Ну на этих играли… на похоронах…
Он споро переодевается в потёртую заграничную куртку оранжево-синей расцветки. У Аркани вообще все вещи, разве что кроме белого медицинского халата, сплошь иностранные, с ярлыками на разных языках. И все подержаные, сплошь фарца. Даже демисезонные туфли на несусветно-толстом каучуке.
Вот сейчас Арканя как раз их и натягивает на ноги.
Штатские!.. многозначительно говорит новый сосед, перехватив мой взгляд.
Будто я сам не вижу, что не военные. Военные я хорошо знаю – сам носил, одалживая у отца. И хромовые сапоги, и ботинки со шнурками, и уже, в последние годы, закрытые «старпёрки» с резинчатыми вставками по бокам, для старшего офицерского состава.
Мы выходим из общаги к травайной остановке.
Я с трудом удерживаюсь от смеха, глядя, как чапает Арканя в коротких, дудочками, заграничных штанах и нелепых в своей массивности «штатских» туфлях на резиновом ходу.
Стиляга!
С воем притормаживая, подходит трамвай. Мы взлезаем на площадку. Там новшество: в самом центре площадки установлен некий постамент, а на нём какая-то хрень из прозрачного плексигласса с покатыми стенками и прорезью наверху. А сбоку – рулон трамвайных билетиков.

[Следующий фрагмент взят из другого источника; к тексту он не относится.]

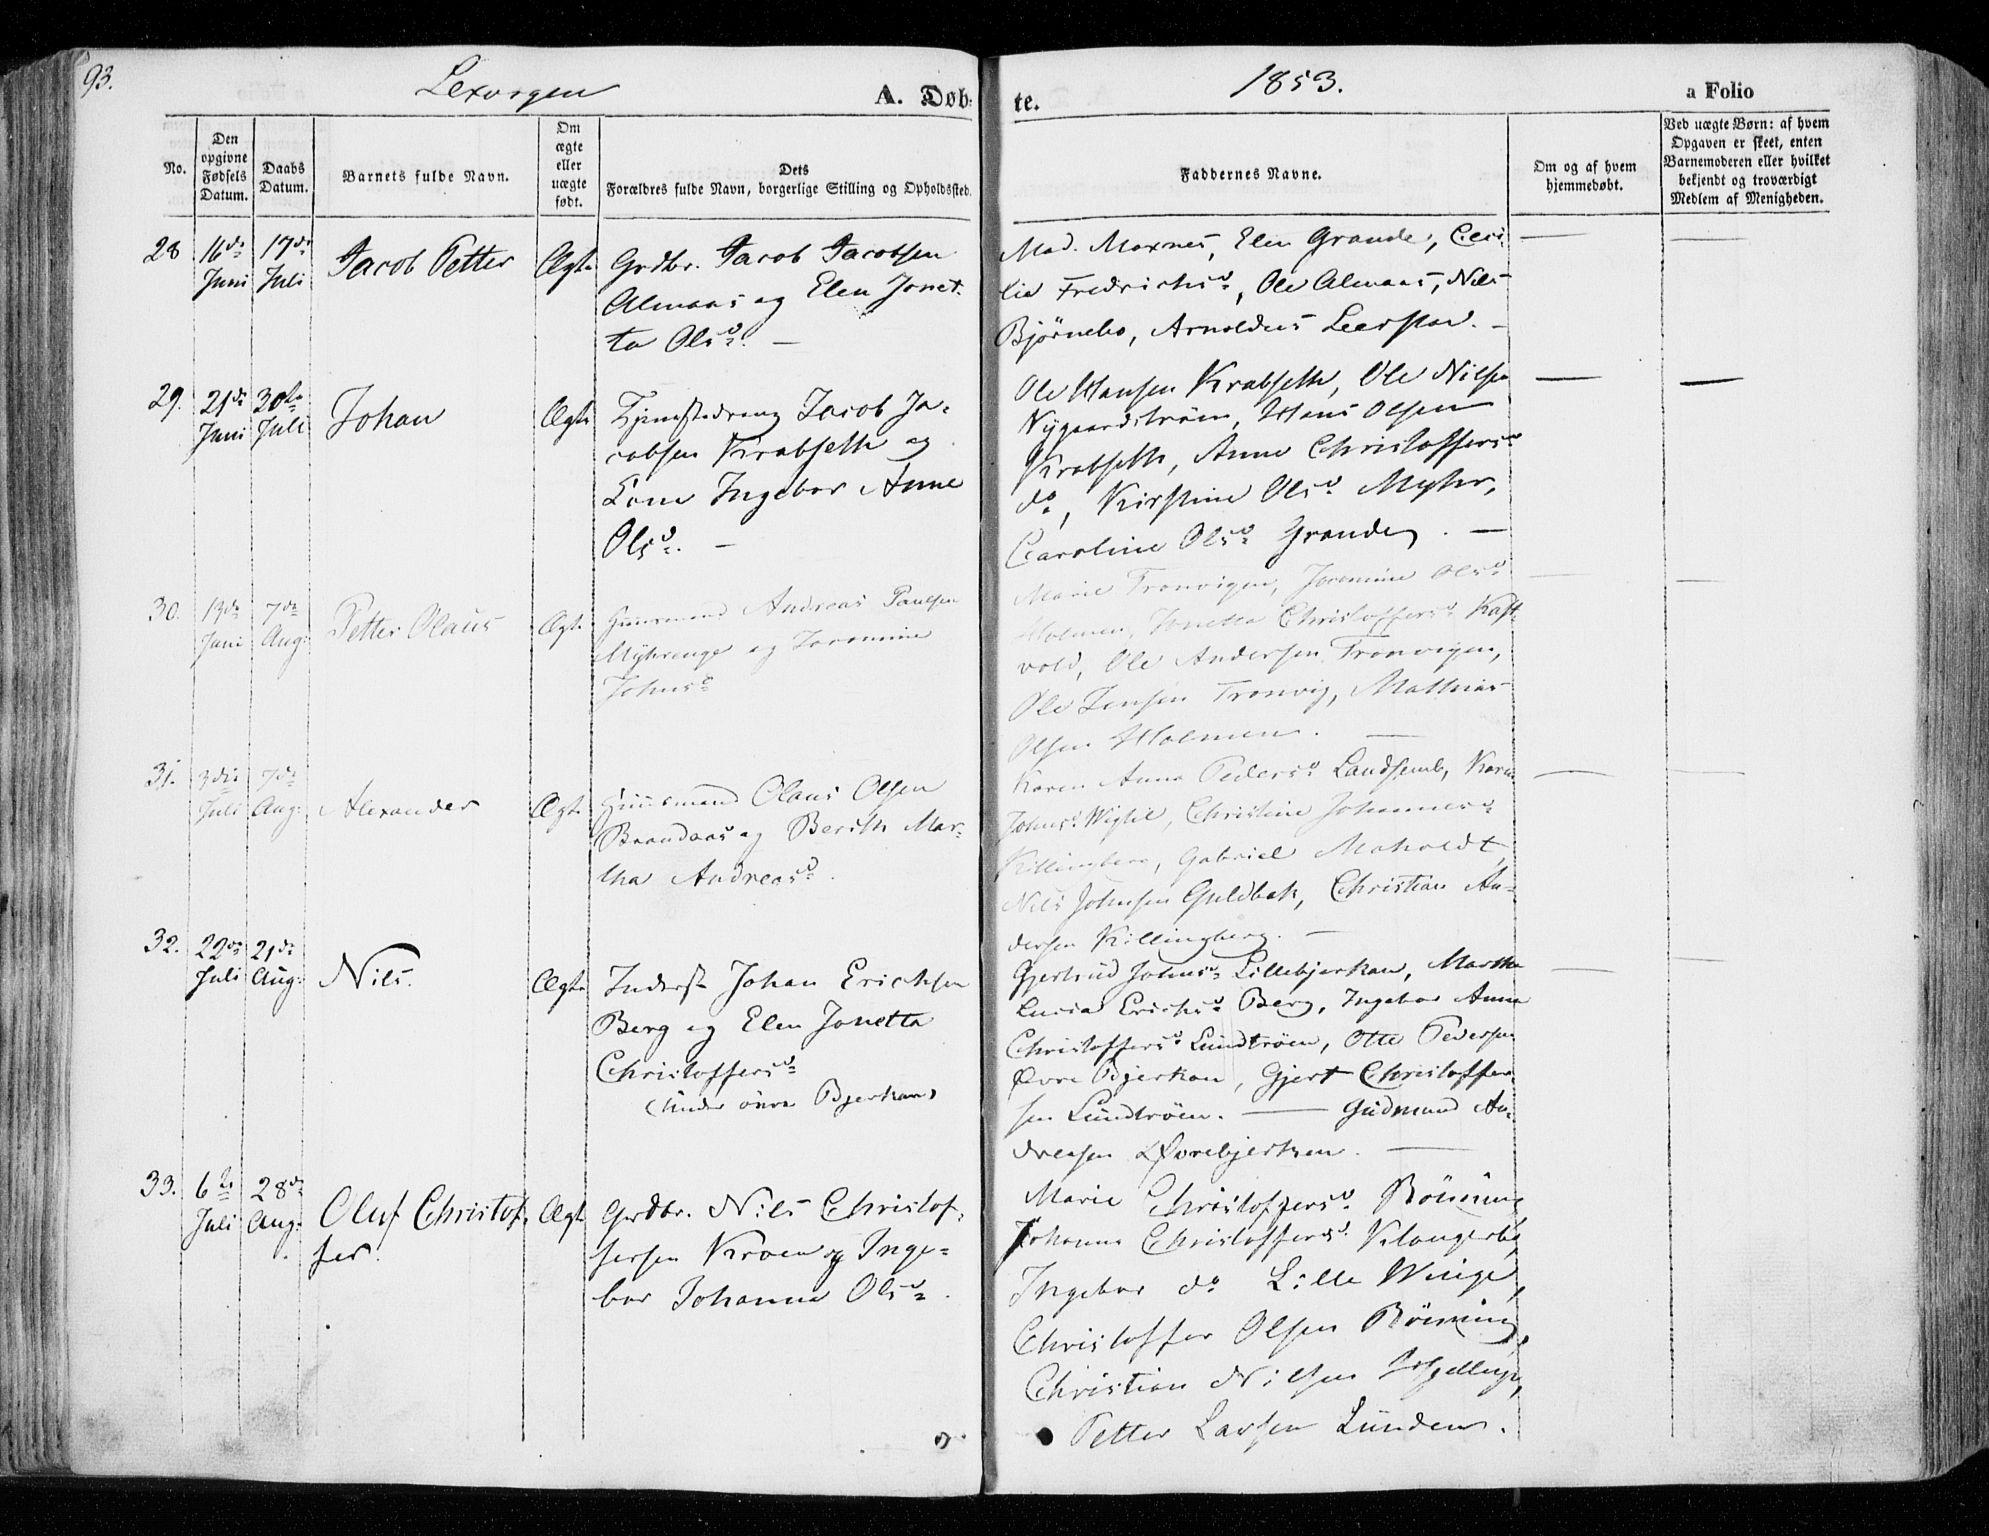 SAT, Ministerialprotokoller, klokkerbøker og fødselsregistre - Nord-Trøndelag, 701/L0007: Ministerialbok nr. 701A07 /1, 1842-1854, s. 93

Самообслуживание. Вбрось три копейки и оторви себе билет.
Вишь, чувачок!.. говорит Арканя, улыбаясь слегка – отчего тонкие его усики растягиваются, как меха у гармошки… Сознательность у граждан!.. достигла апогея!.. Нам уже доверяют на целых три копейки!..
Он вытаскивает из кармана монету, звучно стукает её ребром по копилке из плексигласса рядом с прорезью. Вытягивает из рулона с полметра билетов. И преспокойно кладёт монету, вместе с билетной лентой, в карман своей сине-оранжевой куртки.
Я пугливо озираюсь – не увидел ли кто. Ещё прихватят за мелкое хулиганство…
Чувачок… говорит с усмешкой Арканя… Не хезай. Я вон специально ноготь отращиваю, чтоб им стукать, вообще вместо монеты…
Он показывает мне, подёргивая снизу вверх, указательный палец, с уже довольно длинным и не очень чистым ногтем.
А билетики будем через локоть мотать!.. добавляет Арканя и облизывается, как майский кот.
На повороте в сторону Карповки мы спрыгиваем с трамвая и споро движемся к площади Льва Толстого. Там чуть направо по Кировскому, и вот уже серое мрачное здание Промки смотрит на нас негостеприимно через дорогу.
У входа я вижу афишу. Сегодня у нас во Дворце культуры и отдыха Промкооперации танцы! Играет эстрадный оркестр под управлением Иосифа Вайнштейна.
Суки!.. говорит с весёлым возбуждением Арканя, тыча пальцем в афишу… Связать бы их всех хуями, и в Неву!.. Эе-страд-ны-ий оркестр!.. А по-честному «джаз» написать – слабо!..
Мы входим в зал. На паркете близ сцены кучкуется негустая толпа. Много стиляг, одетых вроде Аркани, в коротенькие дудочками штаны… с бриолиновыми коками над зеленоватыми лбами. Какие-то странные бородачи с подозрительно еврейскими носами… Девицы, обвешаные сиськами и задами, в заграничных капронах без швов под юбчонками типа «условный противник».
На сцене сидят оркестранты, придерживая сияющие золотом трубы. Я вижу гнутые, как английская буква «S» саксафоны разных размеров. Корнеты. Тромбоны. На самом видном месте сидит какой-то взъерошенный парень за грудой барабанов и медных тарелок. А справа в глубине сцены скромно придерживает огромный контрабас совсем ещё мальчик с непомерных размеров кистями, будто пересаженными от какой-нибудь гориллы.